One of the neighbors came over and jumped the car and we left it running while we continued to set up. It was terribly hot and we were both dripping wet with sweat when we got everything done.

Jerry wanted to go for a ride to recharge the batteries and I had wanted to stop at the Ben Reifel Visitor Center to get the lay of the land for tomorrow plus we needed some basic groceries so off we went. Since we both needed to go into the Visitor’s Center we skipped that. We couldn’t leave the car running in the parking lot with no one in it and both of us needed to go into the center. We rode on to Wall, SD.

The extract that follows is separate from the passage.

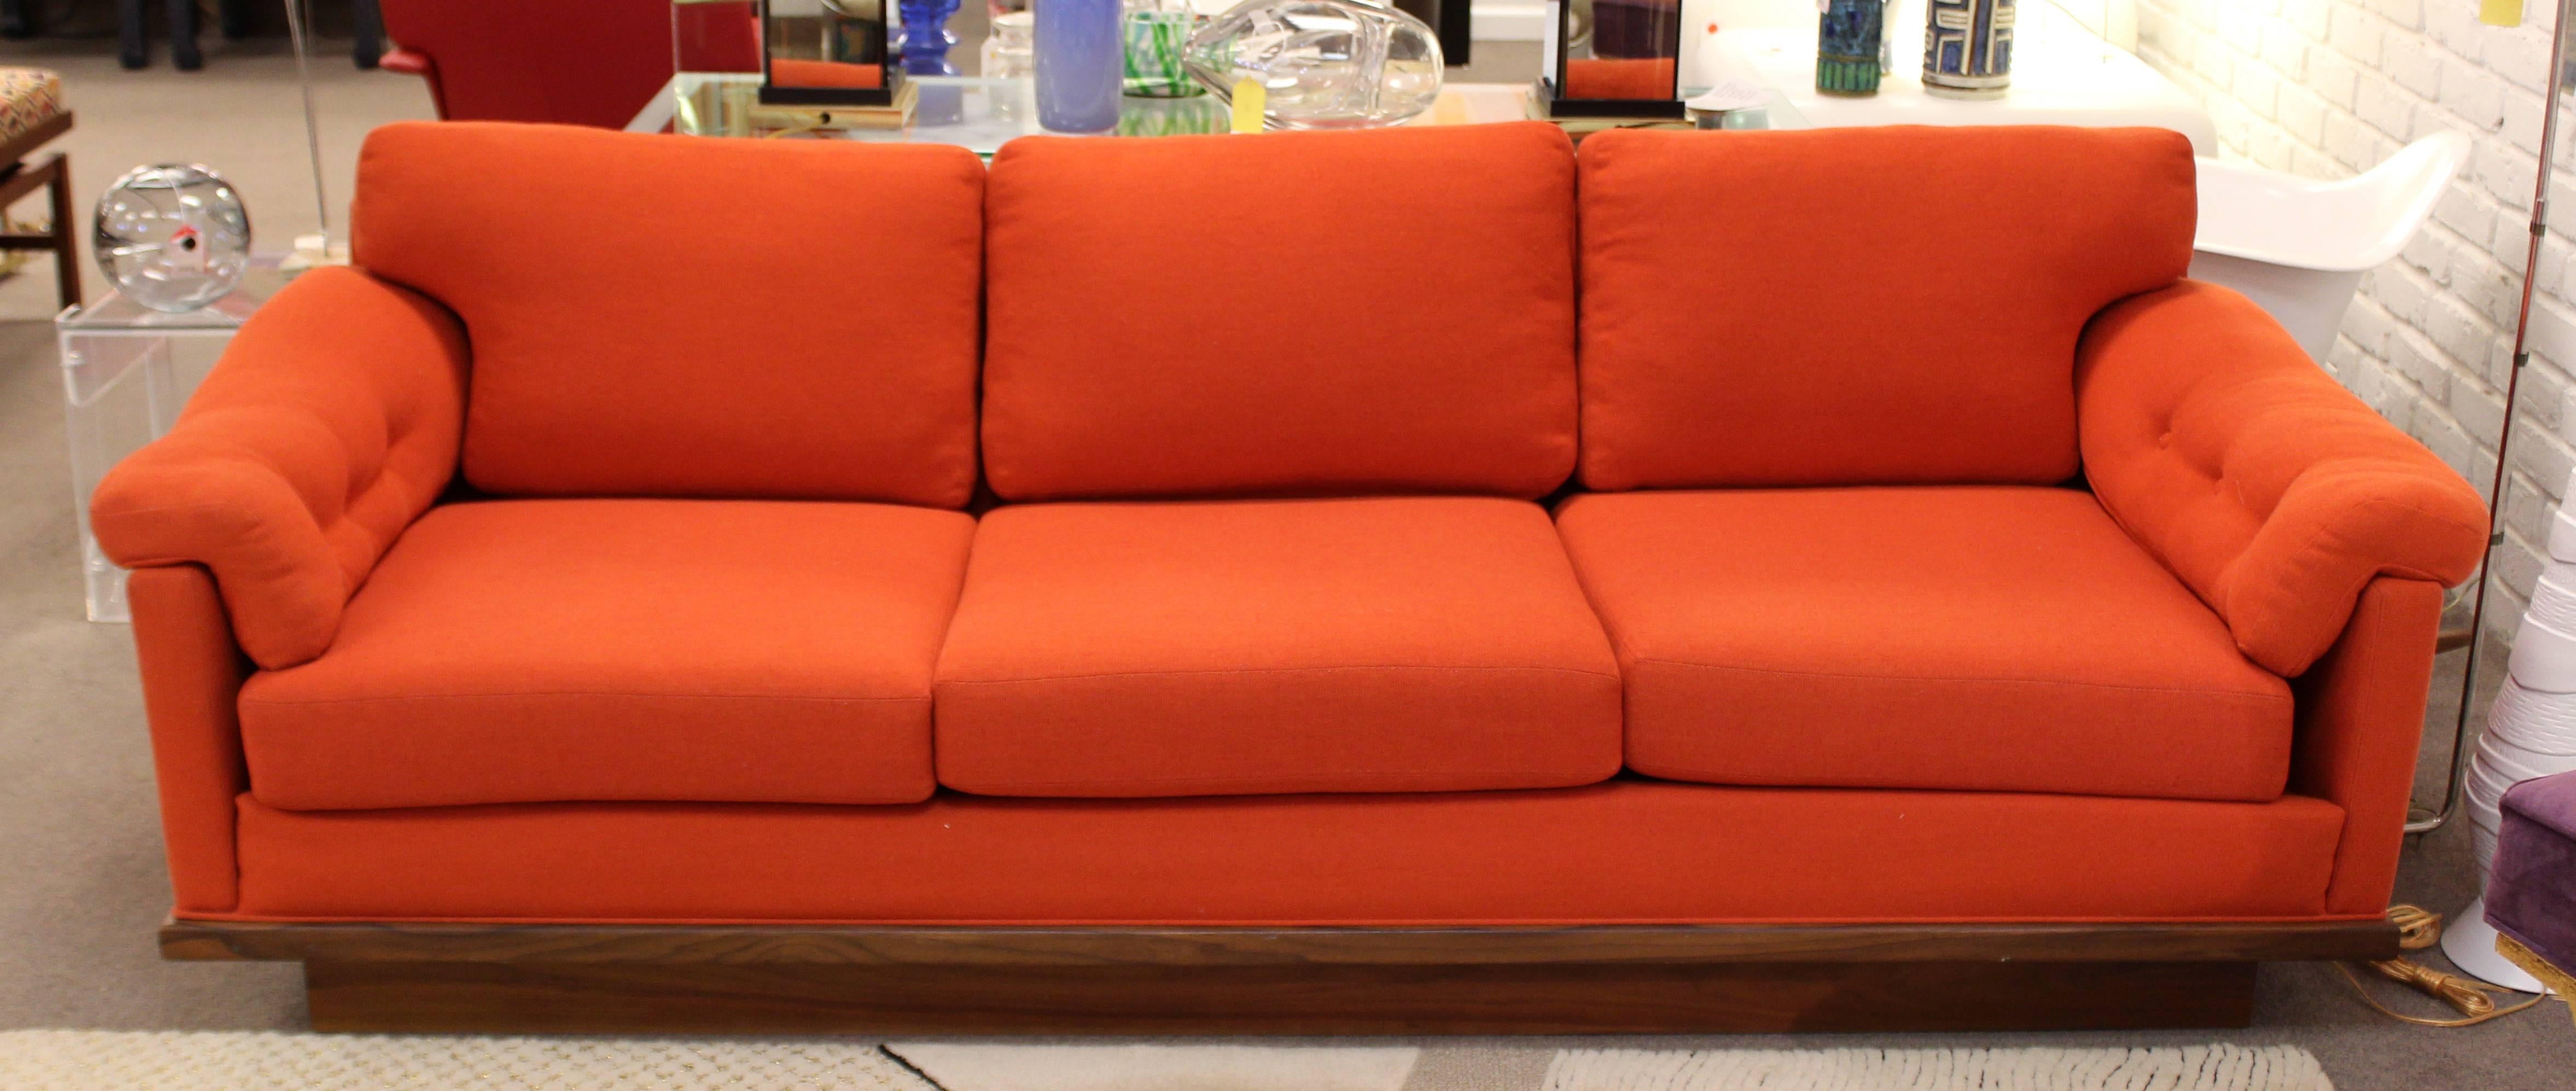 For your consideration is a beautiful, red-orange sofa, on a walnut plinth base by Milo Baughman, circa 1960s. Cushions have been newly re-foamed. In excellent condition. The dimensions are 82

Like everyone, I had heard so much about Wall Drug and I accepted that it was a kitschy, tourist trap so was not surprised when we finally got there. By the way, it didn’t take long. The speed limit on I-90 is 80, quite a bit faster than we were going in the RV and quite a difference from NC. Wall Drug seems to be several stores all connected with most anything you might need or want. We wandered around briefly but didn’t spend much time there as our serious stop was the grocery store. We actually found a small store in Wall and were able to get everything we needed. It always makes me feel proud when I go in a store and see a jar of Mt. Olive pickles made in Mt. Olive, NC which is not far from our home. It’s a little bit of home while we are so far away and I always look for them in the store.

While we were on the way to Wall, I had my computer, my iPhone and my iPad. I needed to pay some bills and like we were told yesterday there is no Internet at the campground and no cell service so I took care of that while Jerry zoomed down the highway.

The guy that jumped our car told us that there was another camper from NC so when we returned we put wings out to thaw and walked around the campground looking for an NC license plate. We found it but no one was there. We were told two things about the campground. One, no cell service and the other, mosquitoes were abundant! Our walk was cut short as the mosquitoes and bugs were flying around like jet planes. We returned to the coach, had our dinner and settled our plans for the next day. Hopefully, we will be up early and out hiking before it gets too hot.